Irna hanya tersenyum mendengar pernyataan Fredian. Bahkan tidak berniat membantah ataupun menyalahkan lelaki yang ada di sampingnya itu.
Fredian bingung karena Irna hanya diam saja tidak menunjukkan amarah atau berkata kalau dia bahagia atas keputusan Fredian saat itu.
"Irna, jika kamu tidak menyetujuinya aku bisa...." Ujar Fredian dengan gelisah karena sejak tadi gadis itu hanya diam saja tidak mengatakan apa-apa.
"Stttttt .. siapa bilang aku tidak setuju?" menghentikan perkataan Fredian dengan menutup bibir pria itu menggunakan jari telunjuk.
Kemudian Irna melanjutkan perkataannya dia masih mencermati wajah di depannya untuk melihat bagaimana reaksinya.
"Aku merasa sangat jauh darimu ketika kamu memutuskan untuk keluar negeri beberapa bulan lalu, bahkan kamu tidak menengokku ketika aku dalam masa pemulihan." Irna memegang lengan Fredian menelungkupkan wajahnya di dadanya.
"Apa sebenarnya yang kamu fikirkan saat itu aku juga tidak tahu." Ujarnya jujur dan berterus terang atas segala hal yang dirasakan selama ini.
Gadis itu ingin mengungkapkan segala hal saat itu juga.
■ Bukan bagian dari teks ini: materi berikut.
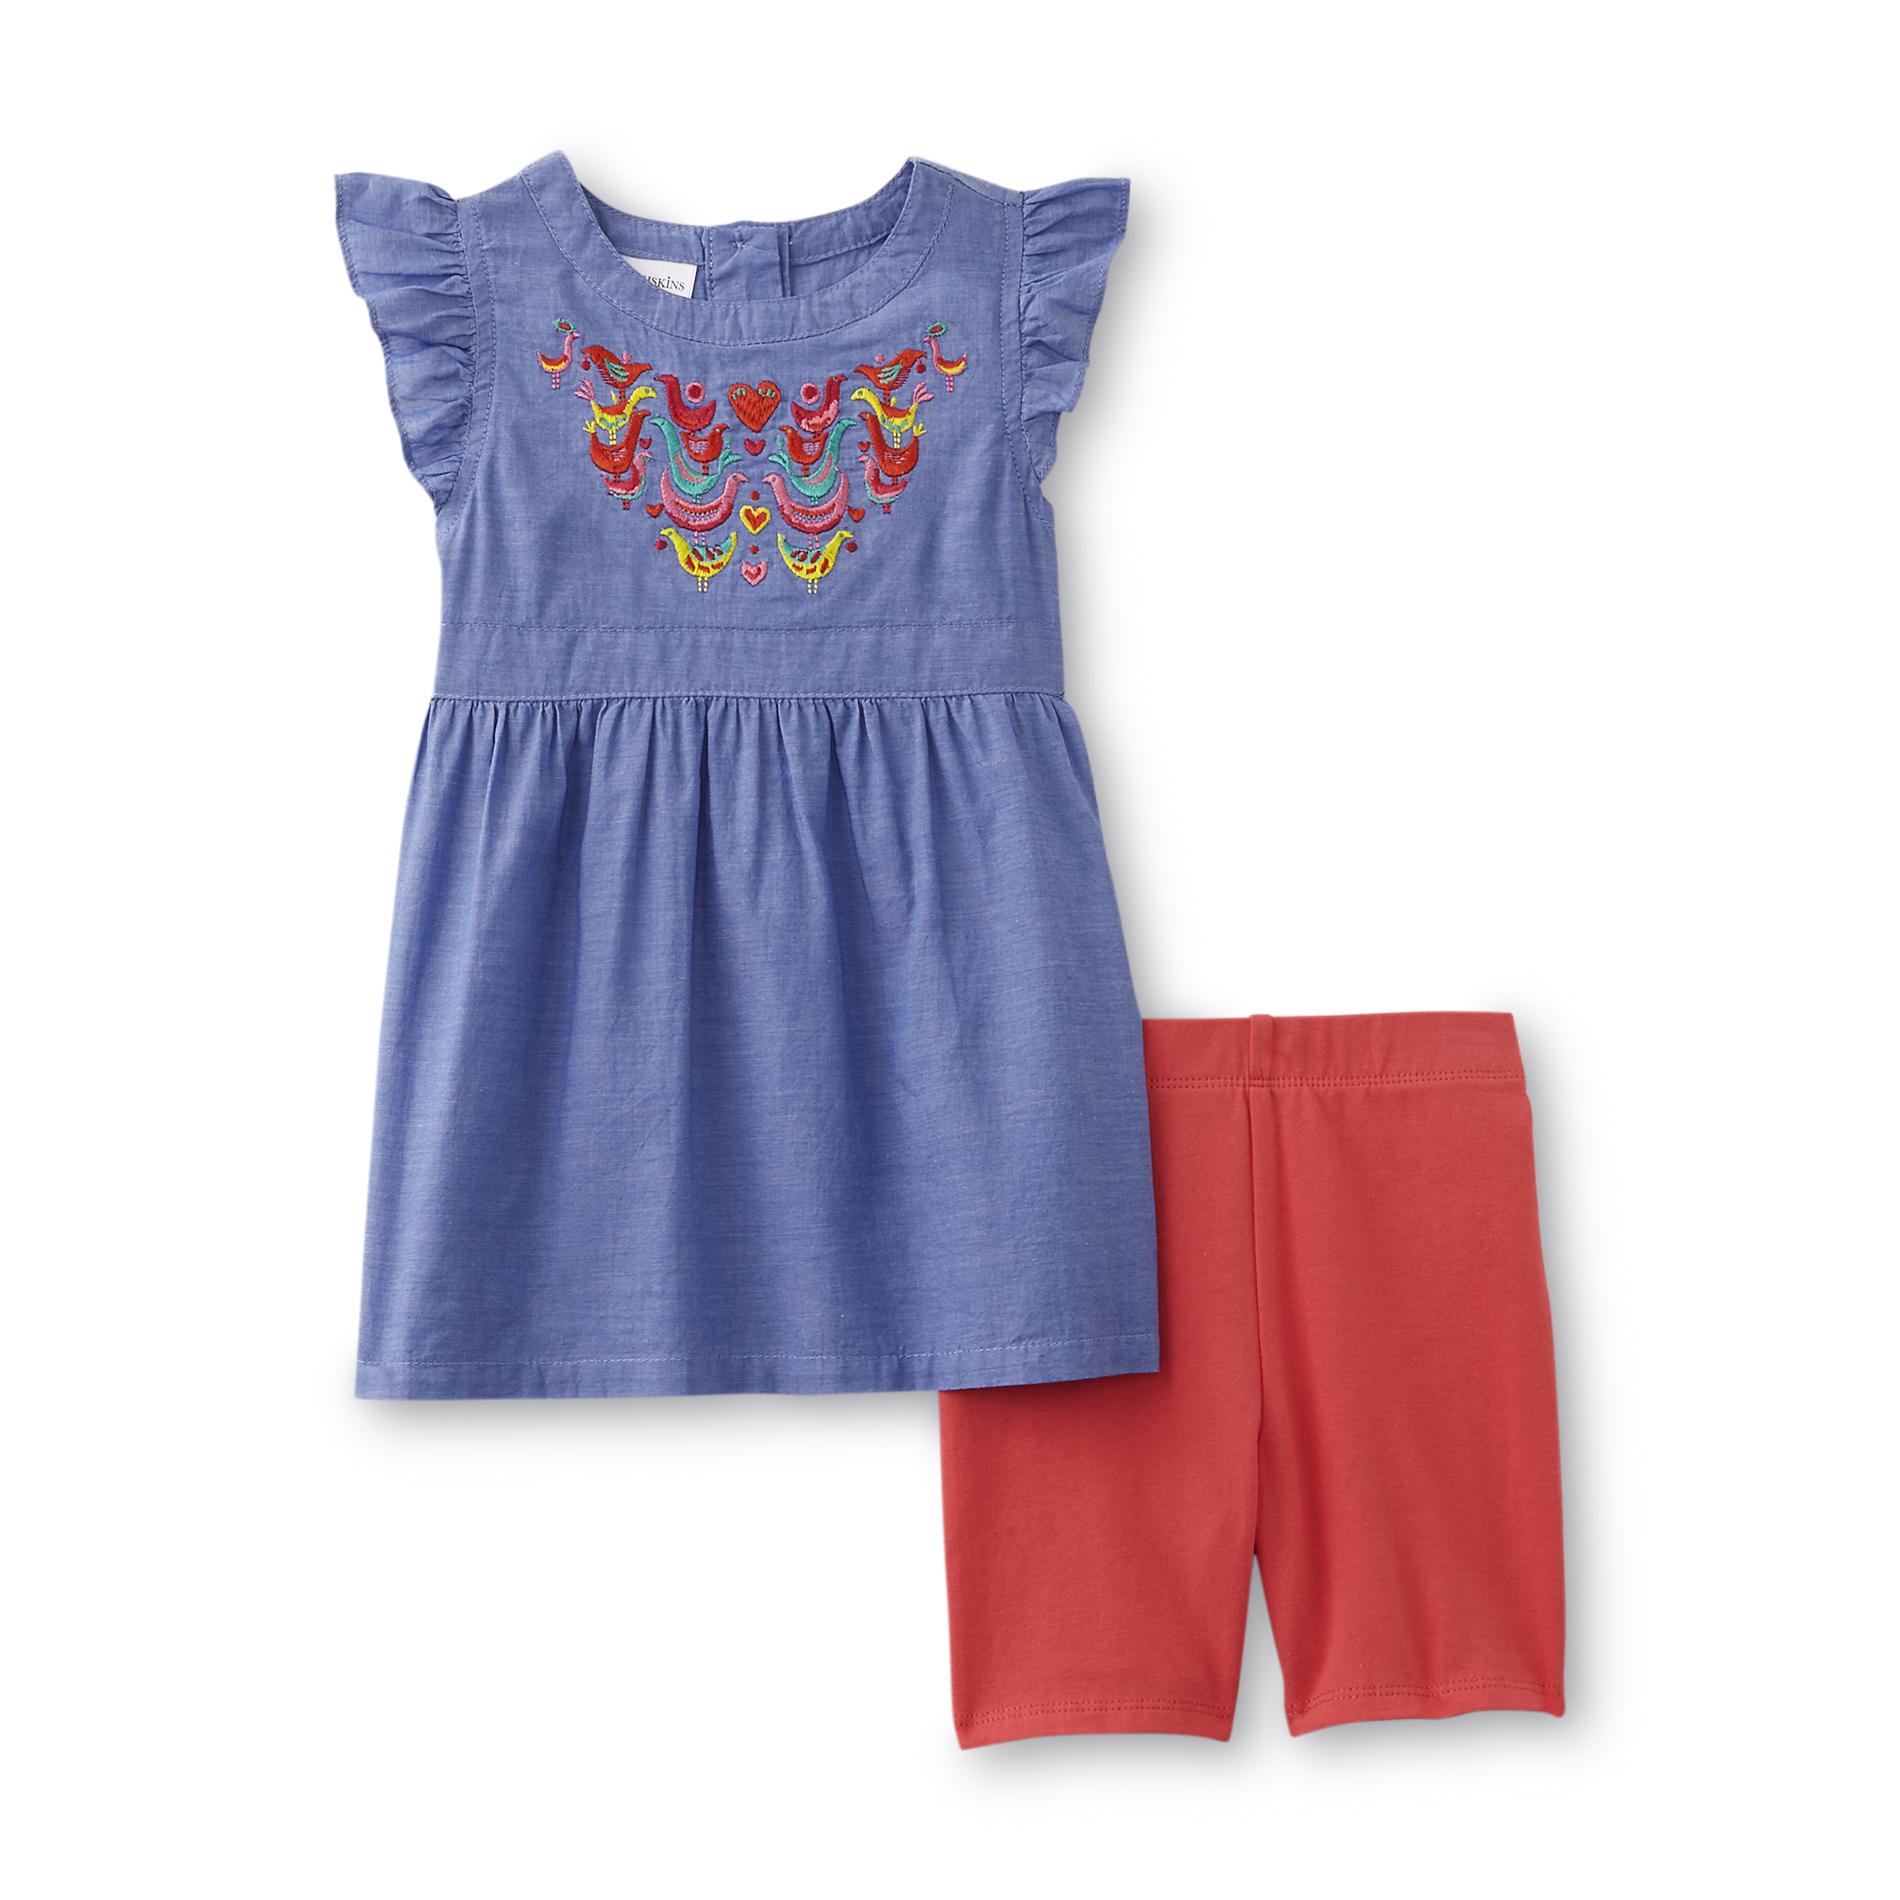 Toughskins Infant & Toddler Girl's Dress & Shorts - Birds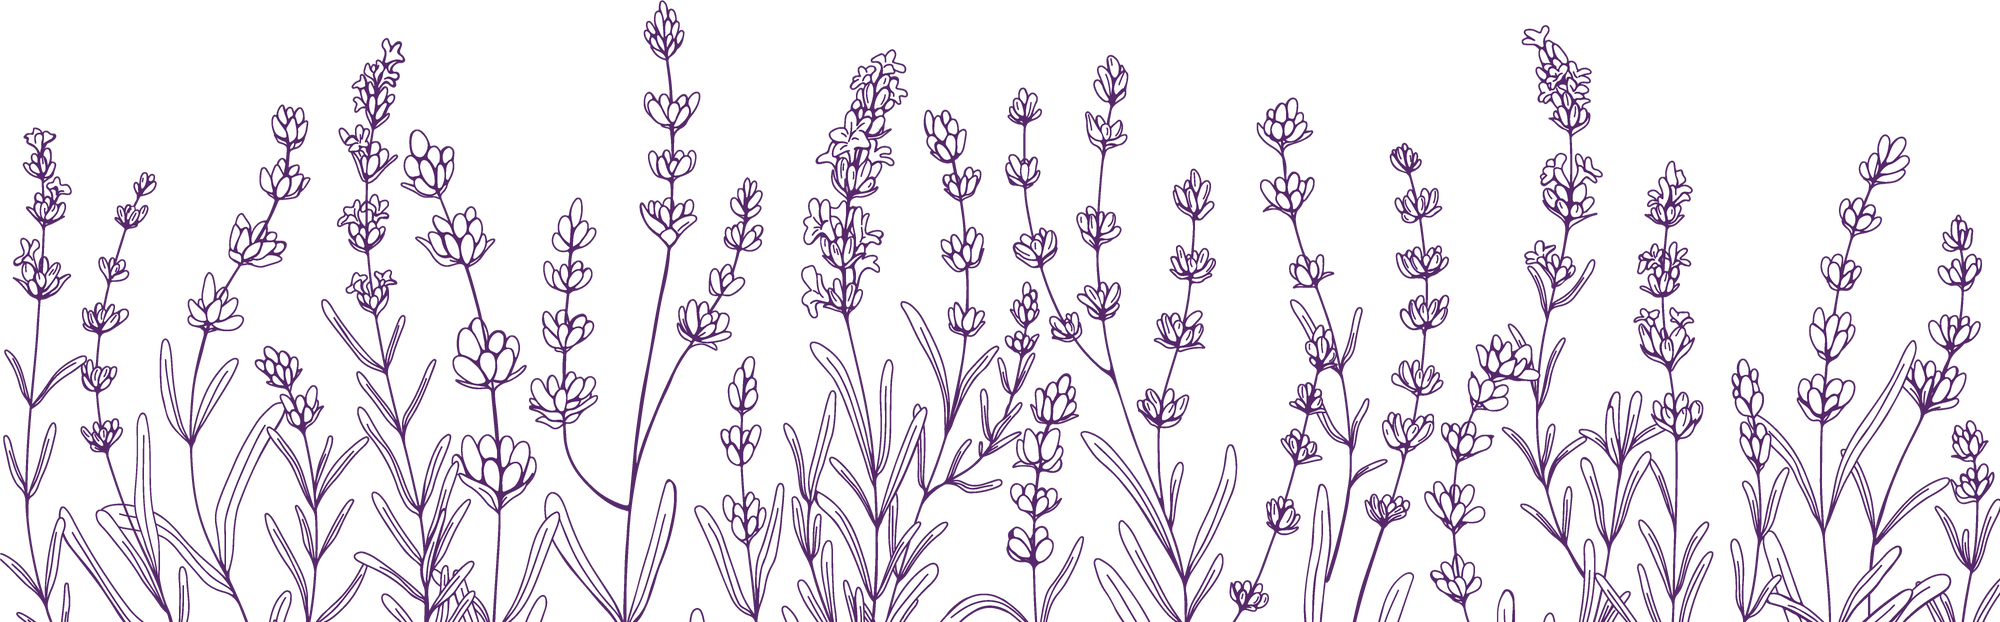 Hand Drawn Lavender Border

Dia tidak ingin memendam perasaannya lebih lama lagi. Dan membuat pria itu kecewa dan pergi meninggalkannya.
"Aku bahkan merasa kamu dengan sengaja menghindar dariku, karena ucapanku waktu itu sangat kasar padamu, aku sudah sangat membuat hatimu terluka." Ujar Irna kembali dia ingin menjelaskan kesalahan pahaman di antara mereka berdua.
"Maafkan aku Fred, aku tidak bermaksud bicara seperti itu." Tutur Irna penuh rasa penyesalan. Dia takut mengecewakan hati pria di dalam pelukannya saat ini.
Irna mengangkat kepalanya mencium pipinya dengan sangat lembut. Dia satu-satunya pria yang mengikat hatinya saat ini. Dan dia juga berharap dialah satu-satunya pria yang selalu ada di sisinya.
Irna melihat wajahnya dengan tatapan mata yang mendalam. Baginya itu adalah hari yang sangat bahagia di seumur hidupnya.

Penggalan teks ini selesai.